One limitation of this study is that AWM treatments were not re-randomized between the two seasons. While this approach allowed for direct comparability of treatments across years, it may also have introduced some spatial bias. Nevertheless, the inclusion of ‘Season’ as a factor in the statistical model helped account for temporal variability and mitigate this potential effect.

Such patterns may have implications for agroecosystem functioning, crop productivity balance, weed management, and the valorization of wild edible species. However, although agroecological practices significantly reduced weed density and diversity, this did not consistently translate into higher crop yields. This discrepancy may be explained by crop-specific physiological constraints, seasonal effects, and environmental variability, which may override the benefits of weed suppression.

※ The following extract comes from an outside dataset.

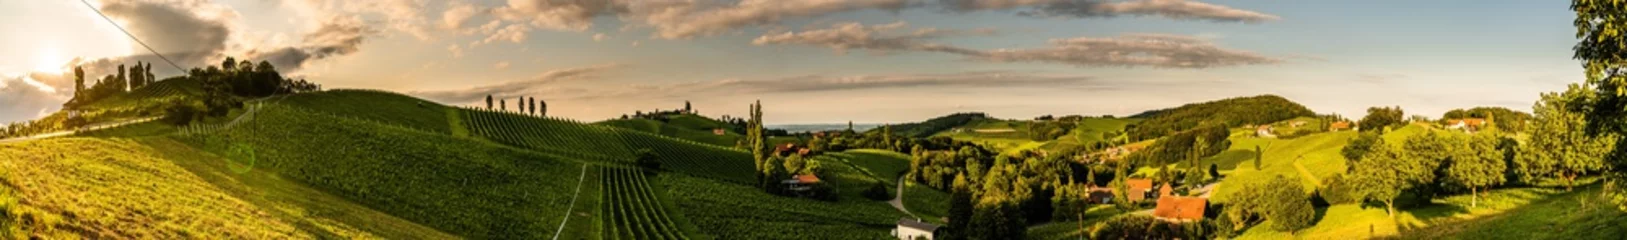 Fotobehang Panoramamening van wijngaarden in de zomer in Zuid-Stiermarken, de toeristenvlek van Oostenrijk, reisbestemming. © Przemyslaw Iciak

For example, Brassica oleracea showed uniformly low yields irrespective of weed management, while Allium cepa was mainly influenced by seasonal conditions rather than weed pressure. Moreover, quality parameters appeared more responsive to agroecological practices, with biodegradable mulches and mechanical control improving crop quality despite not always enhancing yield. These findings suggest that weed suppression alone is not sufficient to guarantee yield increases, as productivity in organic systems depends on a broader set of agronomic and ecological factors.

Moreover, the different weed management practices were compared with an untreated treatment, in which no intervention, either direct or indirect, on the weeds or soil took place. Non-weed management resulted in lower yield and crop quality of cabbage and onion productions; however, lettuce crop yield on average over the two years was higher than in the others and soil biodiversity was higher. A zero approach can result in several beneficial effects, such as minimal soil erosion damage, reduced soil disturbance, and reduced soil evaporation, while mechanical control, especially when poorly managed, can result in hard soil structure thereby limiting root growth and hindering plant growth and nutrient and moisture extraction from deeper soil layers.

5. Conclusions

This study aimed at comparing the different agroecological weed management practices allowed in organic farming, and the results showed that the different treatments applied significantly affected weed quantity and diversity and horticultural crop yield quantity and quality. In particular, the use of bioplastic sheets provided effective weed control while achieving high yields in terms of productivity and quality. However, both sheets were less efficient in preserving weed biodiversity. Mechanical control achieved comparable results in terms of weed control and crop yield while preserving high weed biodiversity. Dead mulching was quite efficient according to the characteristics examined, although at lower levels. The highest values of weed number, biomass, and diversity were recorded for the clover living mulch and the untreated treatment for all three crops as well as the lower values for yield quantity and quality, probably due to wrong varieties of clover and not proper seeding period. Thus, this study demonstrated how different agroecological practices on weed management can effect the crop yield and agroecosystem. Future studies should explore the long-term performance of these practices under different environmental conditions and cropping systems, as well as their economic feasibility. Moreover, policy measures supporting the adoption of biodegradable mulches and diversified weed management strategies could play a crucial role in promoting sustainable and resilient organic farming systems.